Contractor at University of Tennessee Project to Pay Over $300K for Hiding Payroll
Mid-South Regional Council of Carpenters:
A contractor working on the University of Tennessee’s Strong Hall construction project will pay more than $300,000 in fines for labor violations.
JAC Jack Construction LLC, a Knoxville-based labor provider, has agreed to pay a penalty of $336,987 assessed by the Tennessee Department of Labor Bureau of Workers’ Compensation (BWC).
The penalty is based on over a year’s worth of work at the University, where labor was provided for Proffitt & Sons, Inc.
In the settlement agreement, JAC Jack “understated or concealed …[its]…payroll, number of employees and/or appropriate classification of employees in an effort to avoid payment of proper workers’ compensation insurance premiums.”
Read the settlement agreement, below.
The Mid-South Carpenters Regional Council consistently tries to prevent this type of payroll fraud by calling attention to the problem. Here’s a background article about the effort surrounding JAC Jack and the UT project, and why it’s so dangerous to a community.

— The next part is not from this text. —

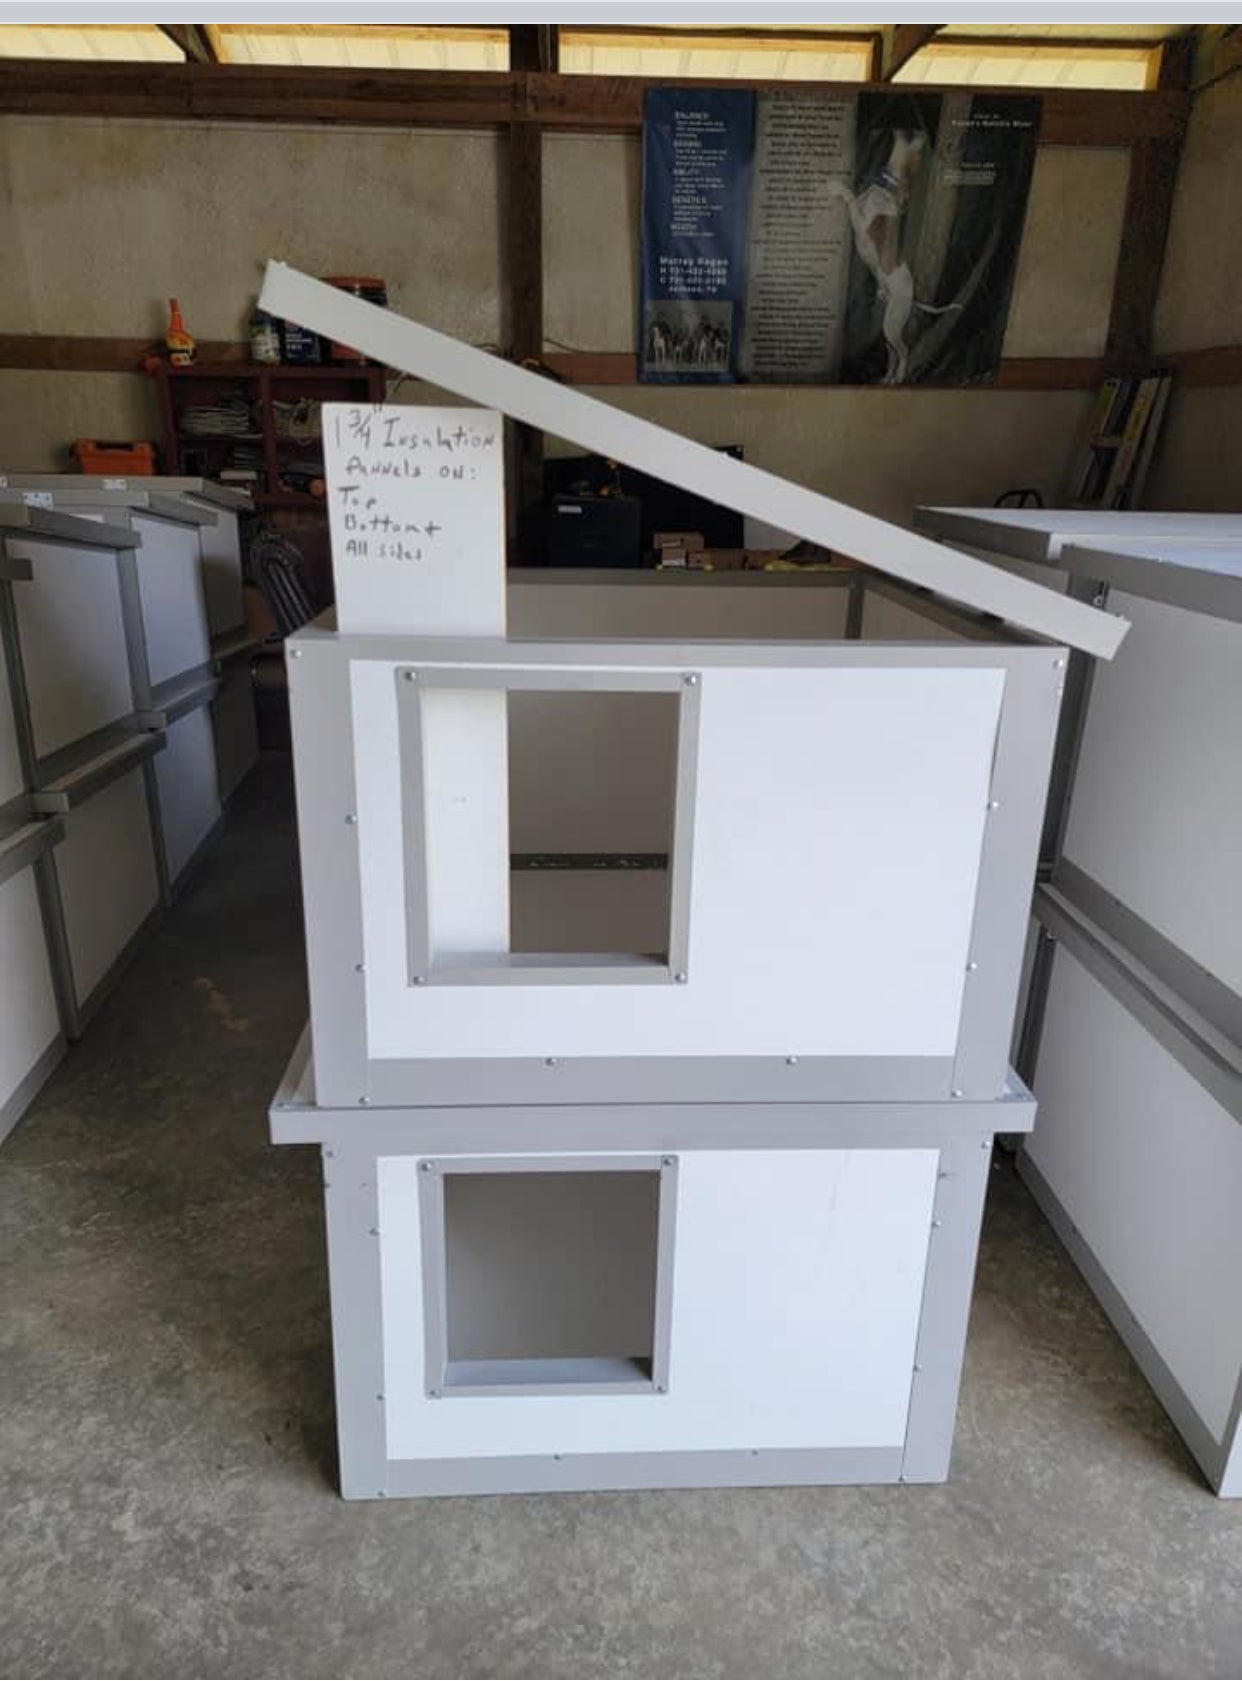 The white insulated Dog House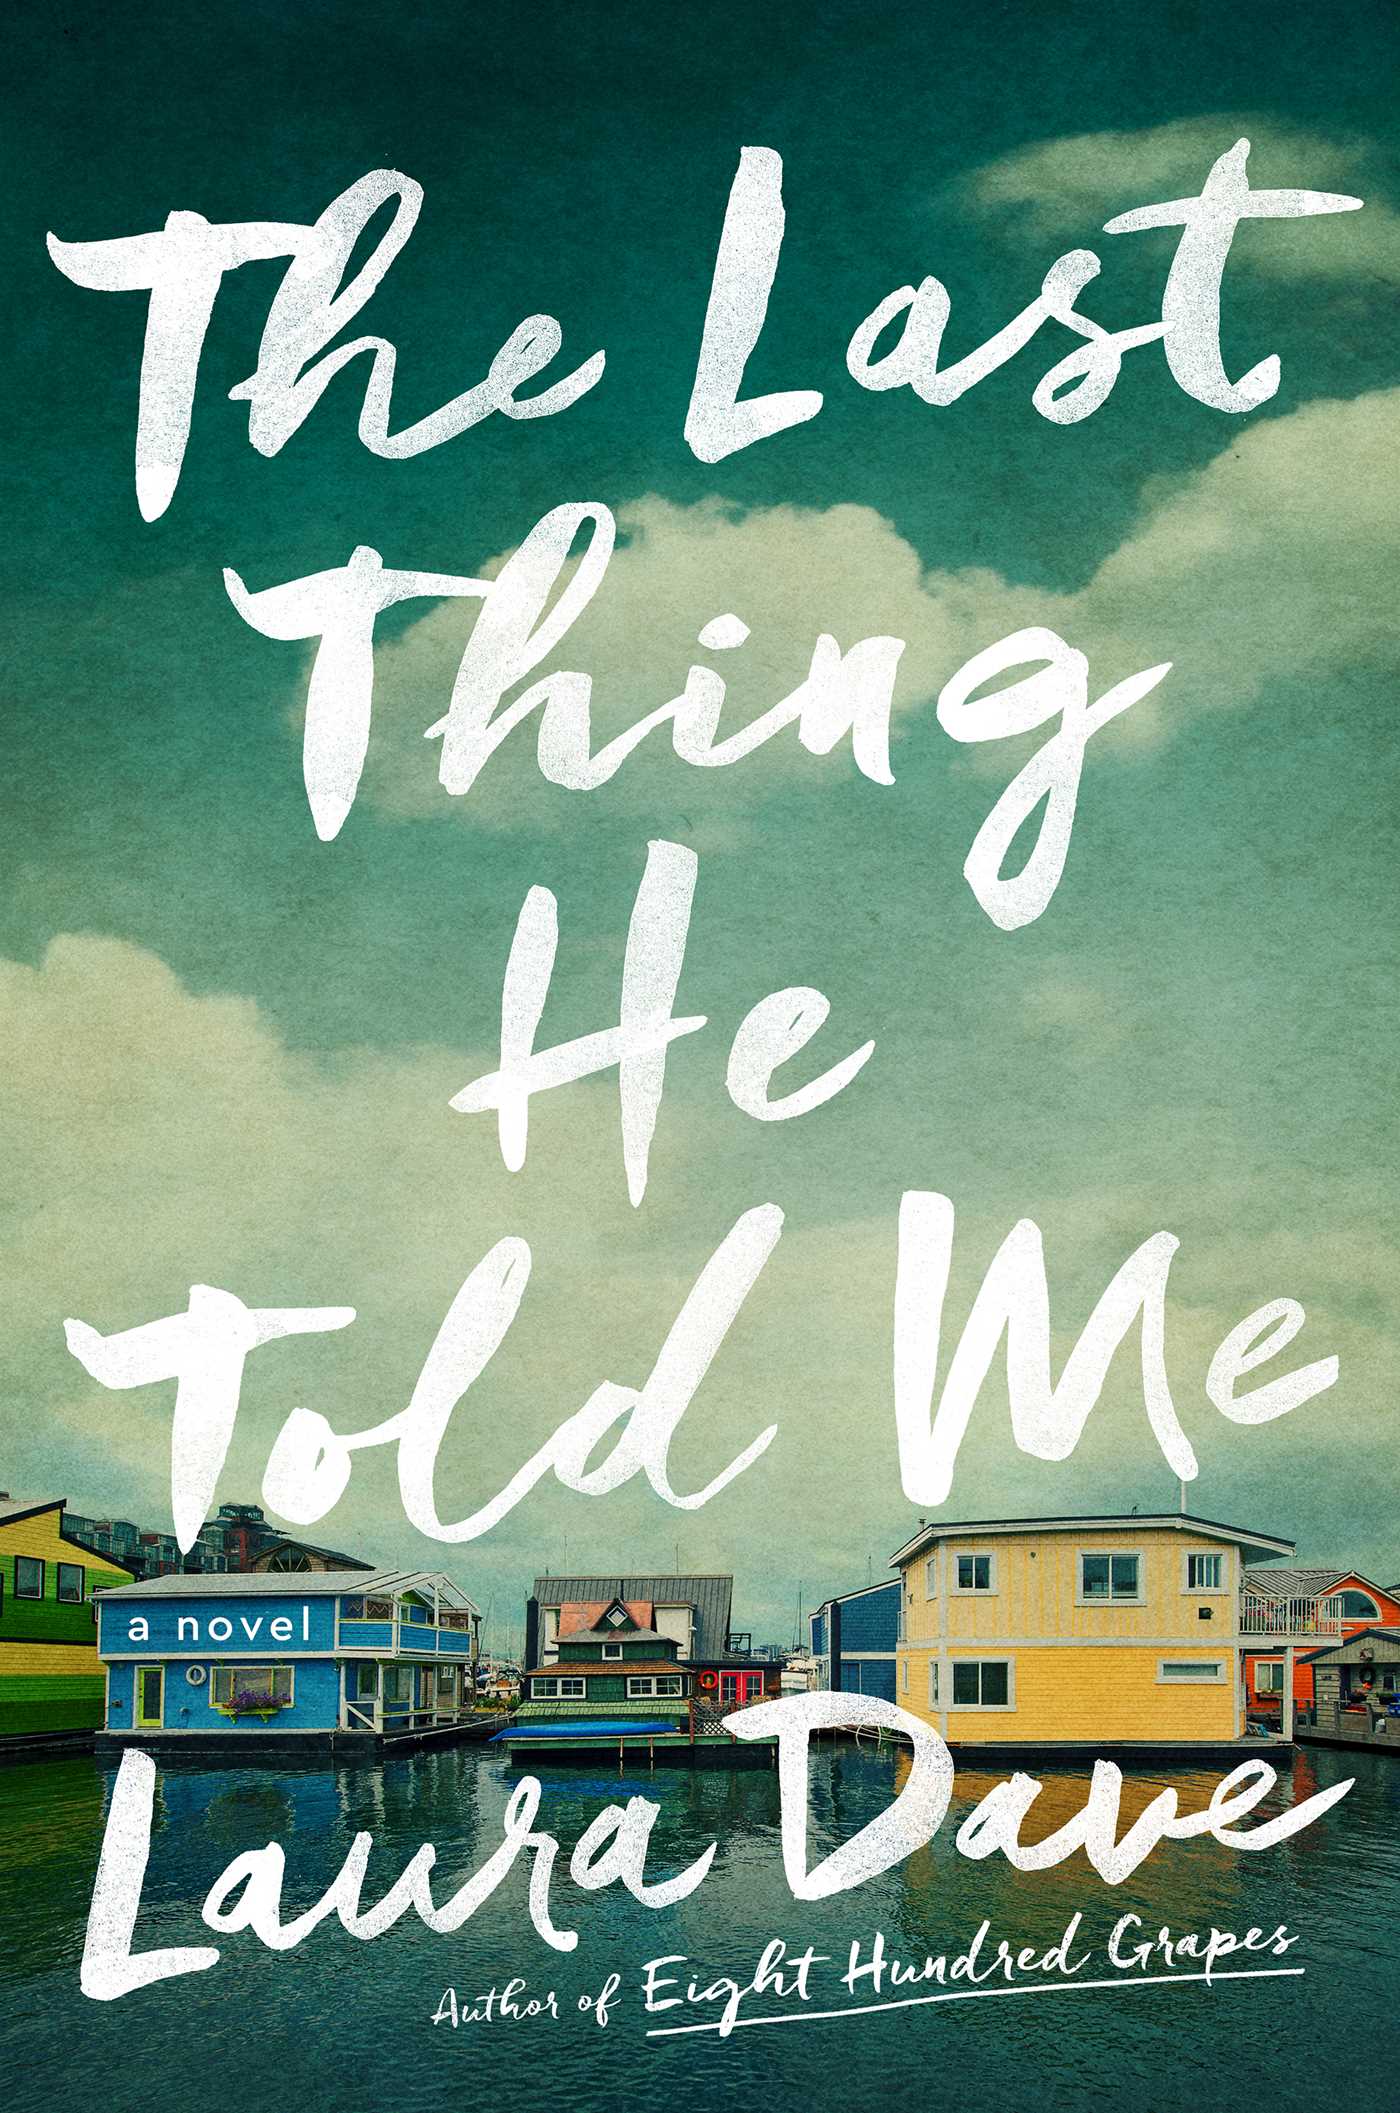 The cover of the book, featuring a sea side town and the title written in white writing.

“Those workers were exploited, immigrant labor,” said Mike Boner, executive secretary-treasurer of the Regional Council.
Many contractors in Tennessee, such as Proffitt & Sons, get most of their workers from labor brokers.
“These labor providers aren’t name-brand companies,” said Boner. “They’re usually a guy with a cell phone that can round up dozens or even hundreds of workers. Then the labor brokers pay the workers off the books. We call that ‘payroll fraud.’”
The use of labor brokers is a serious problem in the construction industry because workers lose important workplace protections like workers’ compensation benefits, unemployment insurance and overtime. In addition, employment taxes for Social Security and Medicare are not paid. That enables the cheating contractor to underbid law-abiding businesses by up to 30 percent.
“All of this cheating hurts every one of us by driving down our wages and driving up our taxes and insurance costs,” said Boner. “The fine from the BWC is large and should be a warning to all of the other companies out there who use the same practices.”